In May of 1972, Dr. George Duncan was walking along the banks of the River Torrens, a well-known beat (pictured above), in Adelaide, South Australia when he was attacked by queer bashers, thrown into the river and drowned.  It was later discovered that the queer bashers were police from the Vice Squad who, because there was a coverup, were not arrested at the time.  But the subsequent uproar and inquiry revealed that police routinely threw cruising gay men into the river and, in this case, Dr. Duncan drowned.  You can read more about this sad story here and here.

This slideshow requires JavaScript.

The reason I bring it up is because the news of his death galvanized queers across Australia, for the first time, to raise our voices and begin to fight back instead of withdrawing into the background in shame.  We all knew that we could have been Dr.
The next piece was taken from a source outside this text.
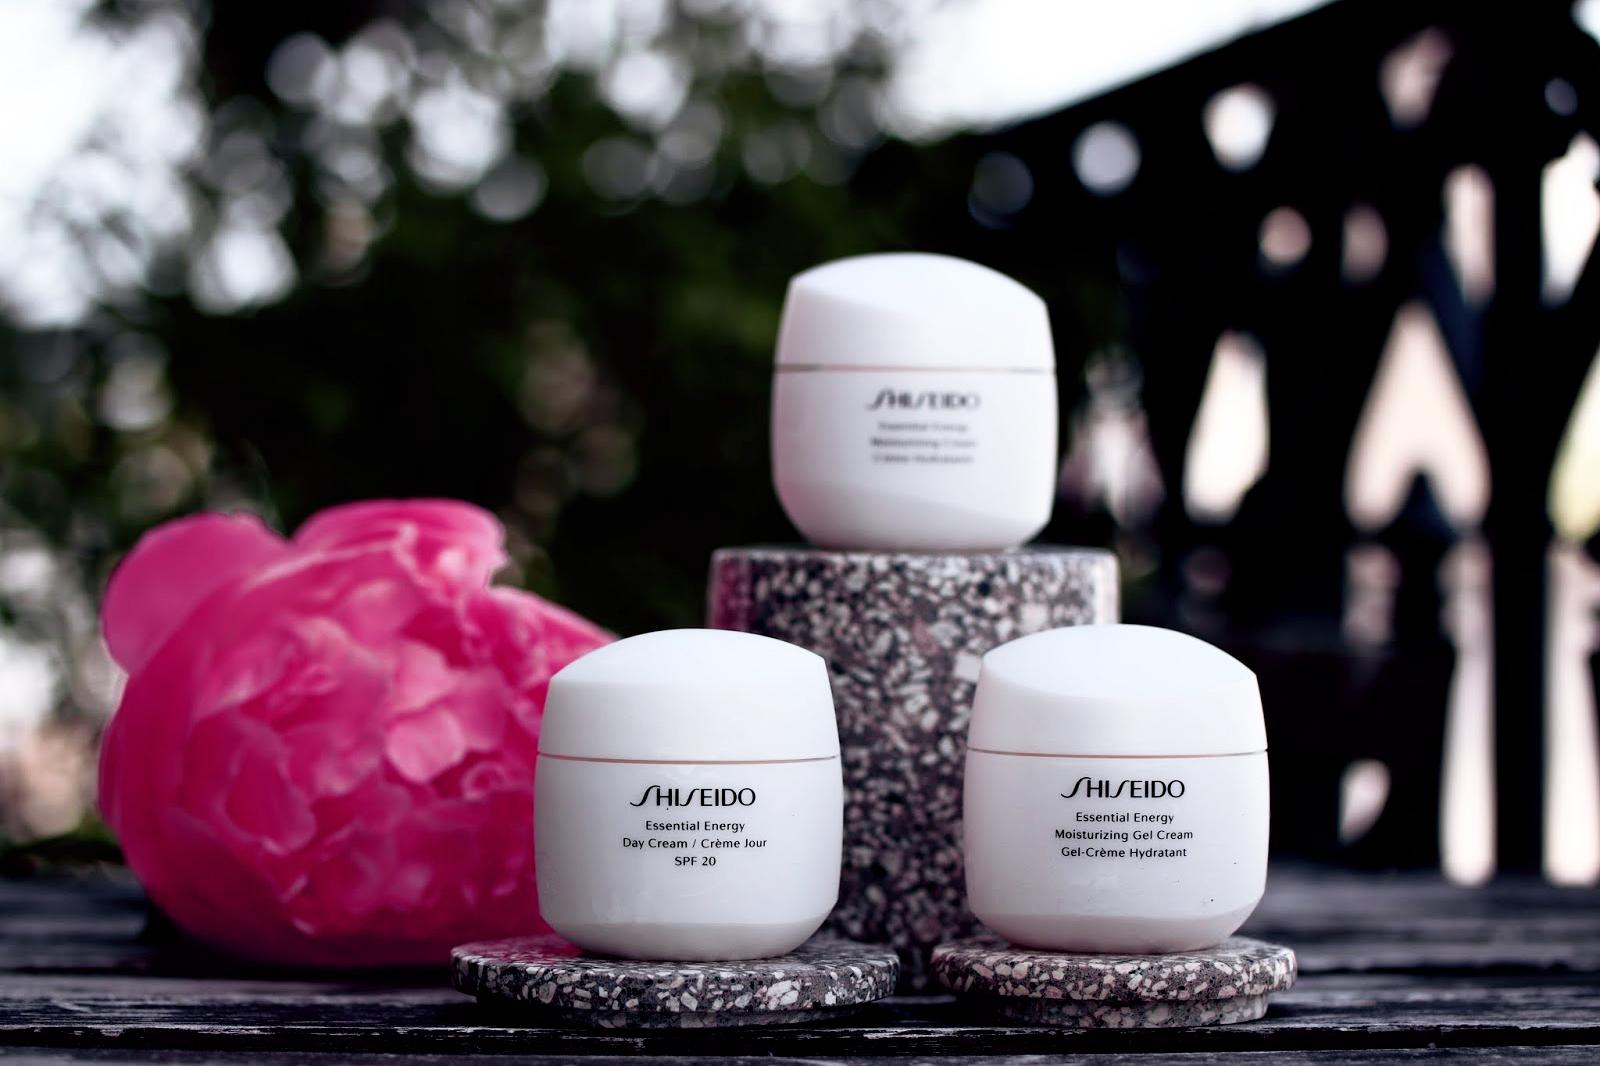 shiseido essential energy soins hydratants creme avis test
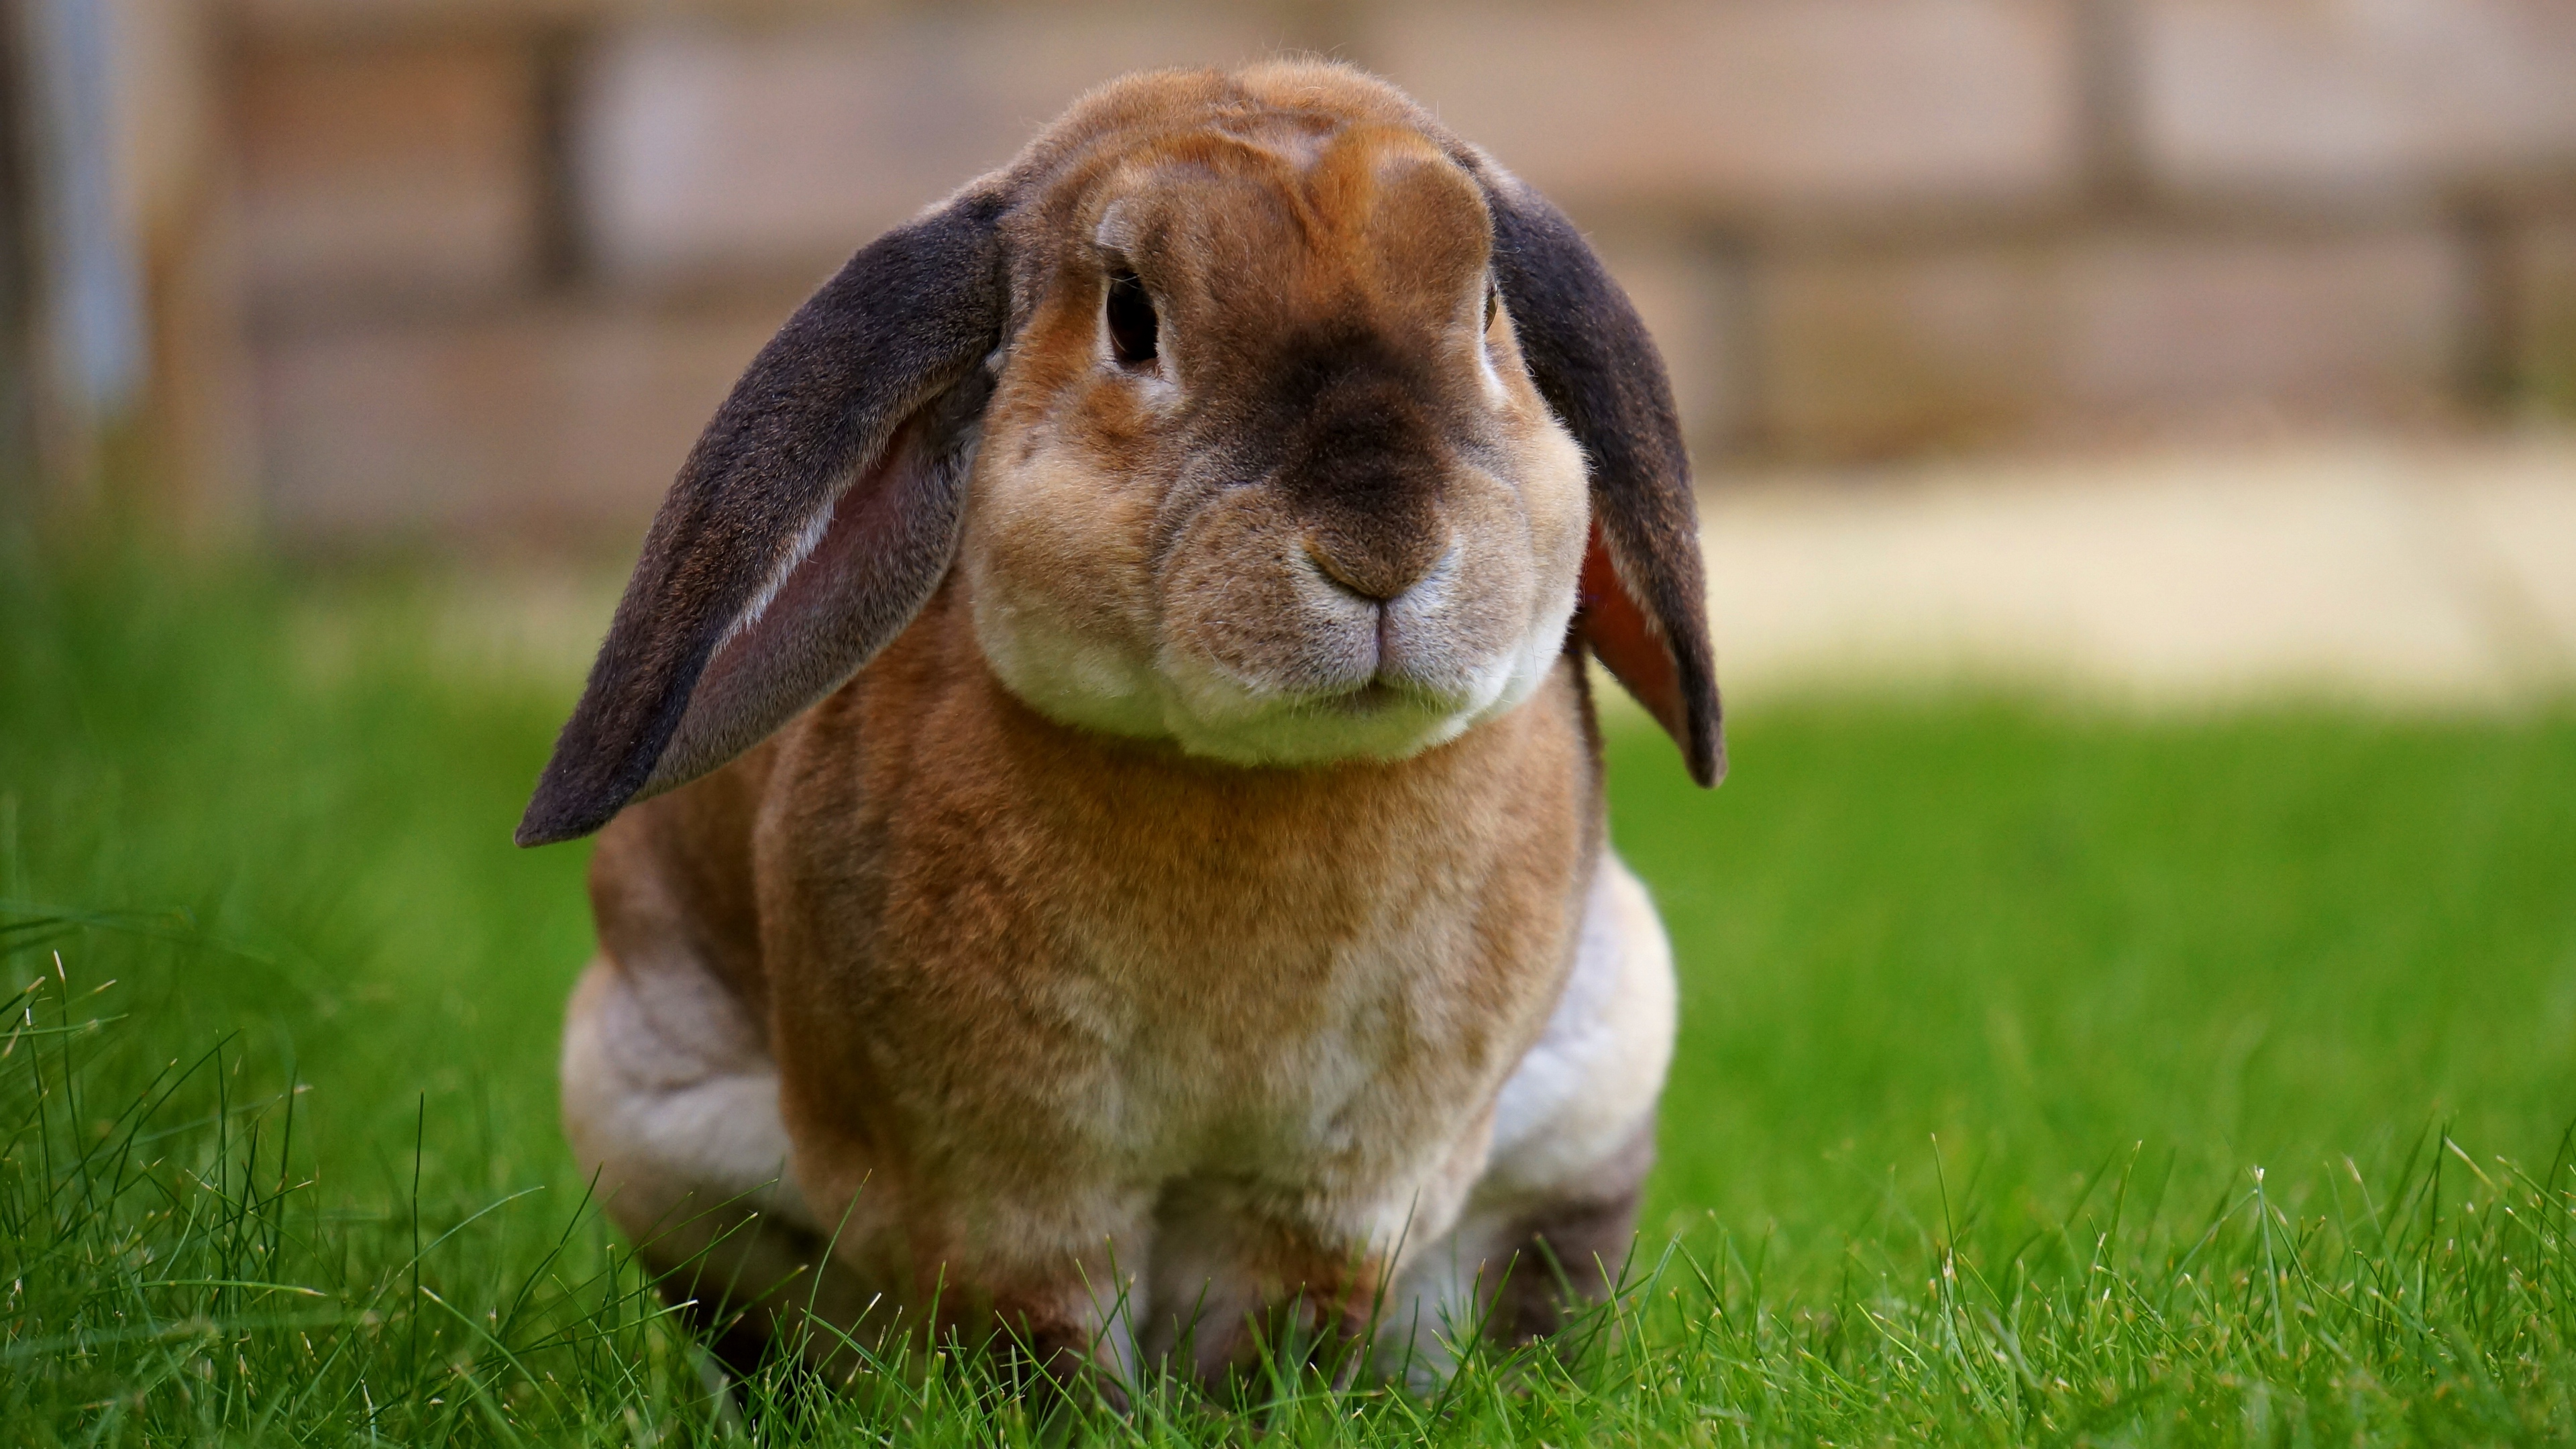 rabbit sitting grass cute 4k 1542241978 - rabbit, sitting, grass, cute 4k - Sitting, Rabbit, Grass

Duncan in any similar beat.  We fought to not let police get away with this behaviour that was normal at the time.  We were motivated to stand taller and push back.   “We’re not gonna take it anymore”.

It took many years for those cops to be charged, but in 1975, South Australia did become the first Australian state to decriminalize homosexual relations between consenting adults – a direct result of this incident.

Green Park and The Wall

This painful news, however, did not stop us in our determination to have sex as our revolutionary obligation!  My local beat was the small, but beautiful Green Park – just a 10 minute walk from where I lived in Darlinghurst – with its public toilet (“cottage”) and The Wall which allowed for standing and posing.

I remember doing my fair share of posing leading to many fun encounters with a good handful of interesting men, including a young man who lent me the dress that Barbra Streisand wore in the Roller Skate Rag number in Funny Girl whom I talked about in a previous post.

When I think back on those experiences, I remember often being more intrigued by people’s life stories than I was with whatever we got up to.  If we went back to their place, I was always ready to stay the night and even have breakfast the next morning.  Of course, not everyone was as curious/nosy as me and there were times I’d be shuffled out the door post-orgasm.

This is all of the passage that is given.